Repeat the data word for word. Do not include the pictures.

_Supplied information:_
╔══
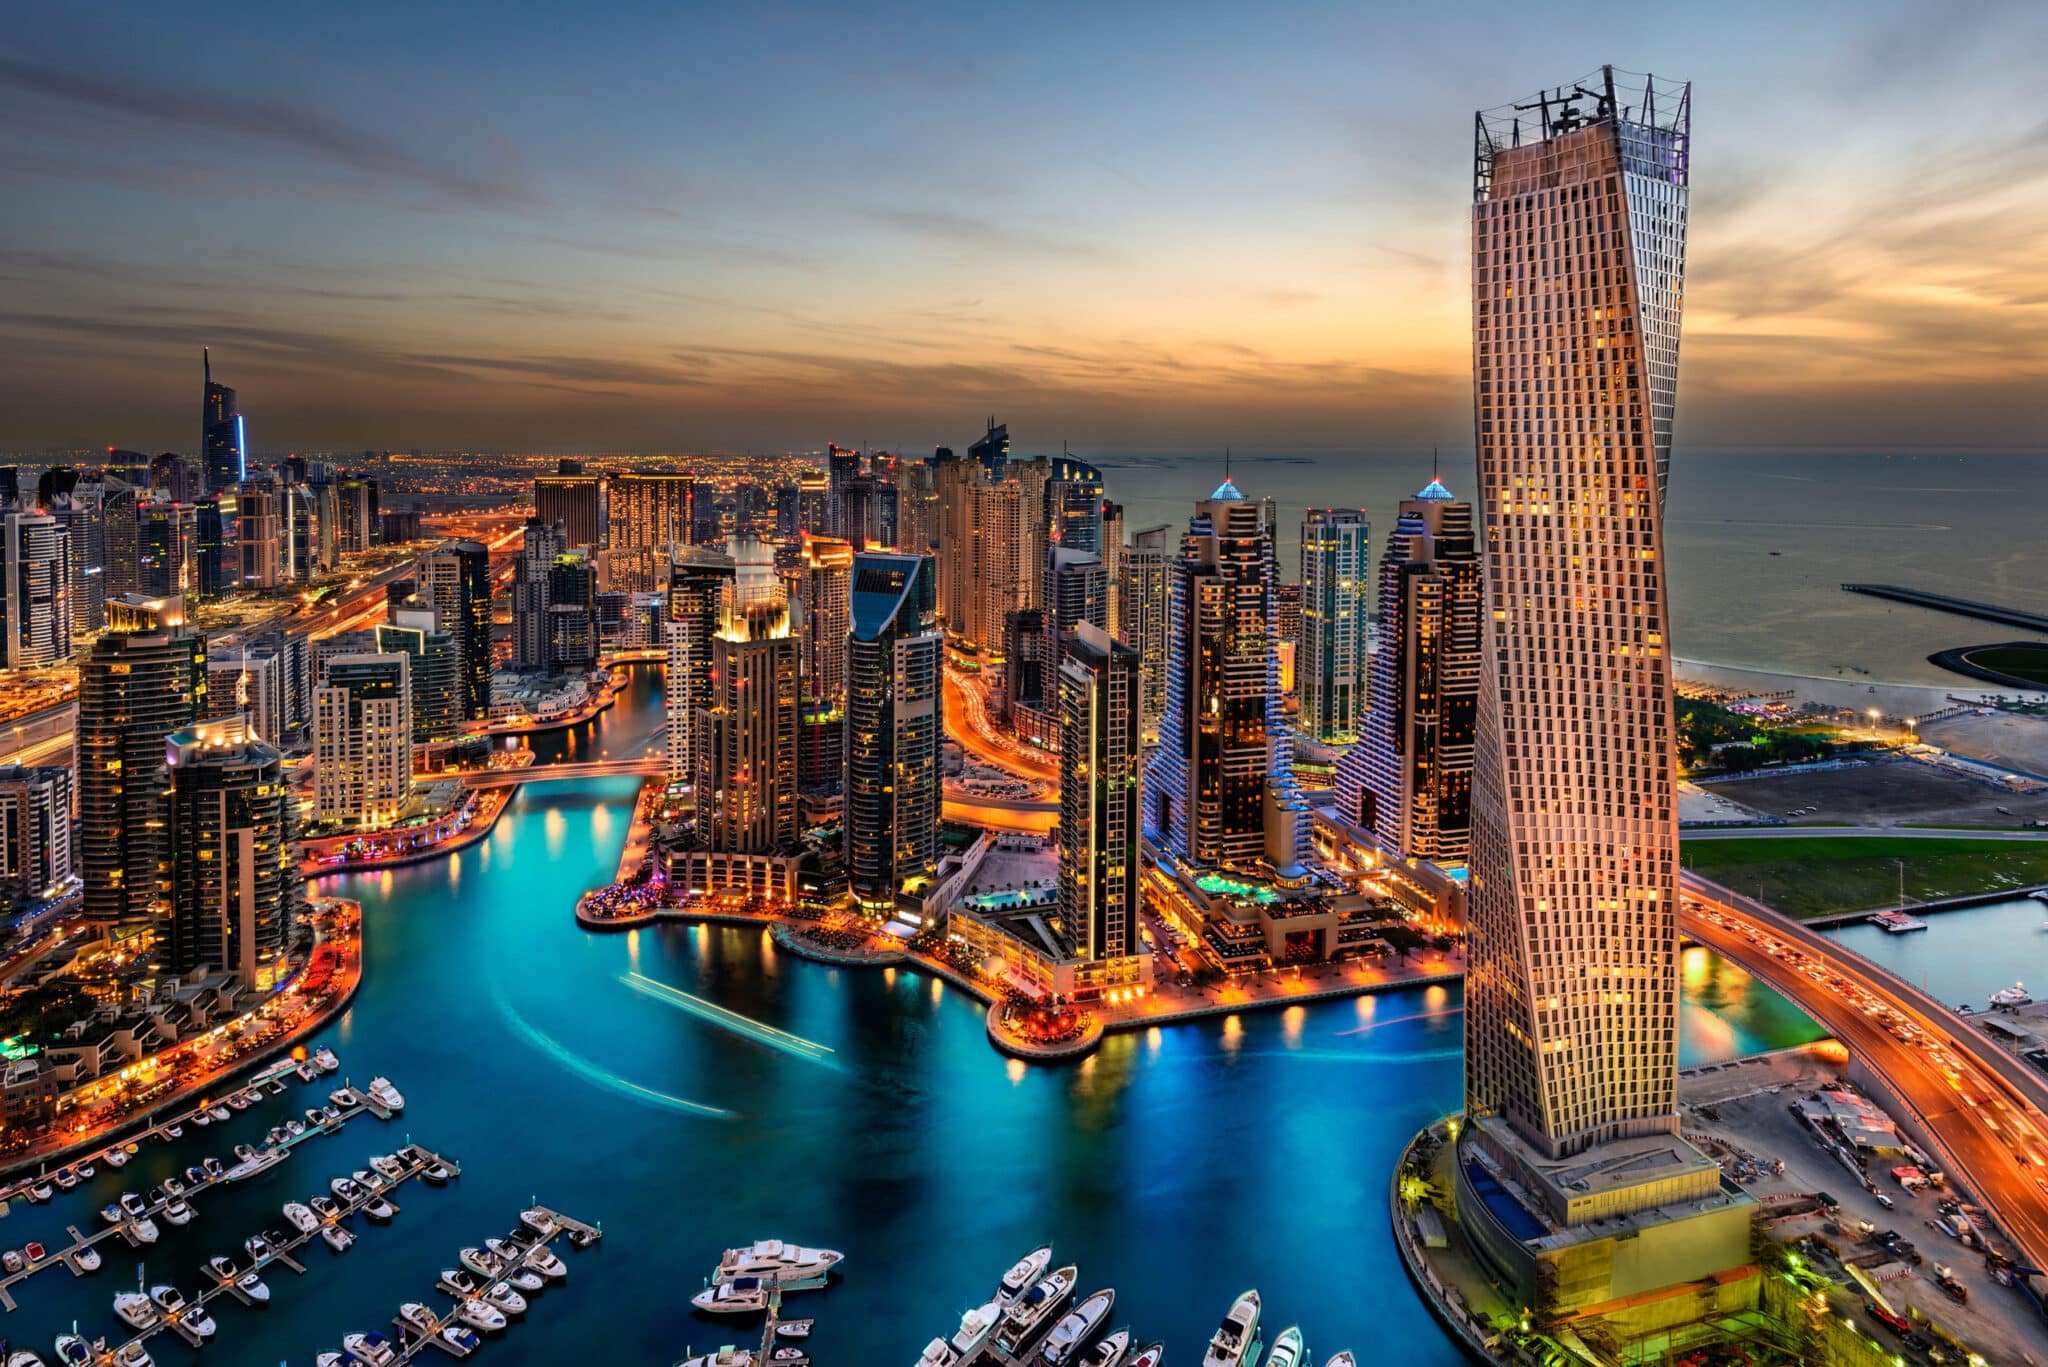 How to start a business in Dubai
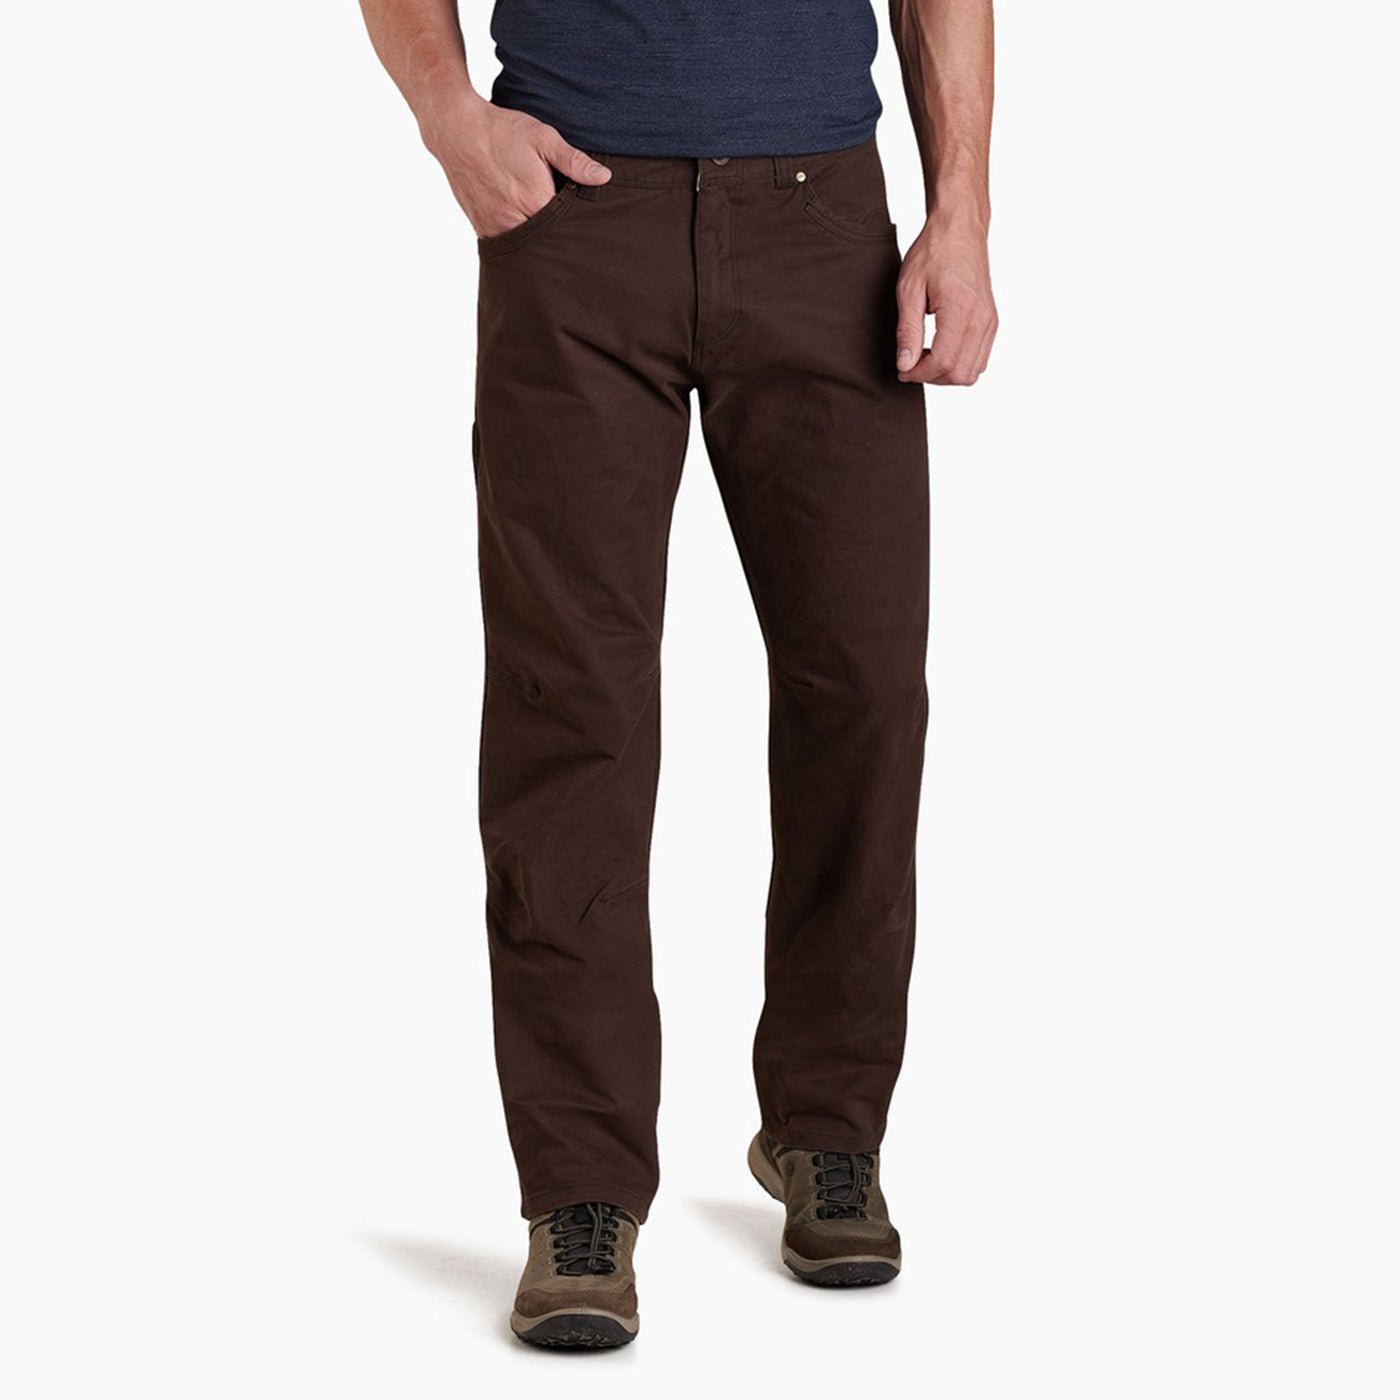 kuhl rydr pant mens on model front view in color brown 
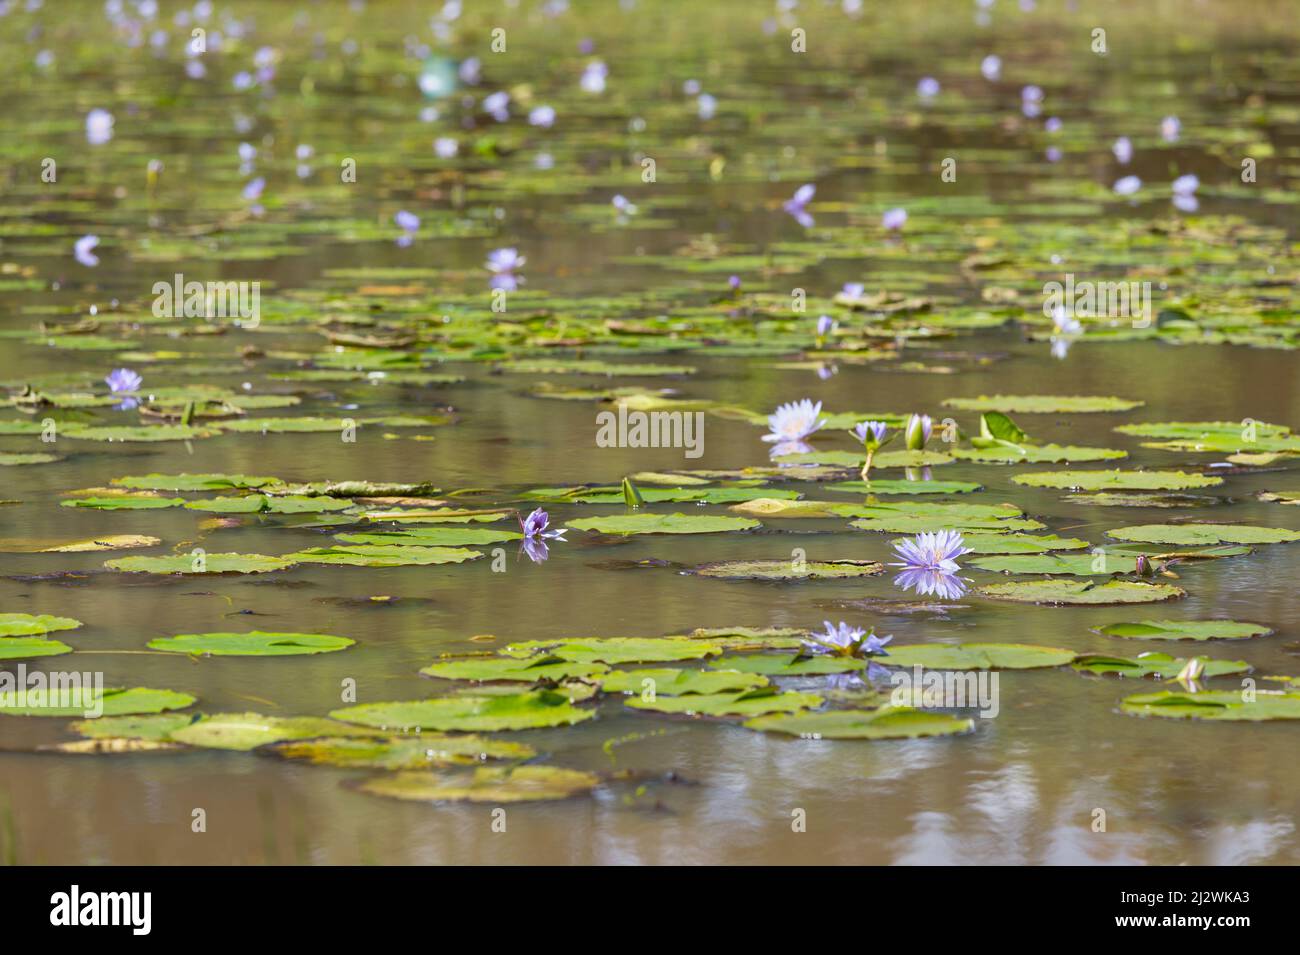 Hundreds of beautiful water lilies in a lake in Karura Forest, Nairobi, Kenya with selective focus. Stock Photo
╚══
_Result for this exercise:_
 How to start a business in Dubai
 kuhl rydr pant mens on model front view in color brown 
 Hundreds of beautiful water lilies in a lake in Karura Forest, Nairobi, Kenya with selective focus. Stock Photo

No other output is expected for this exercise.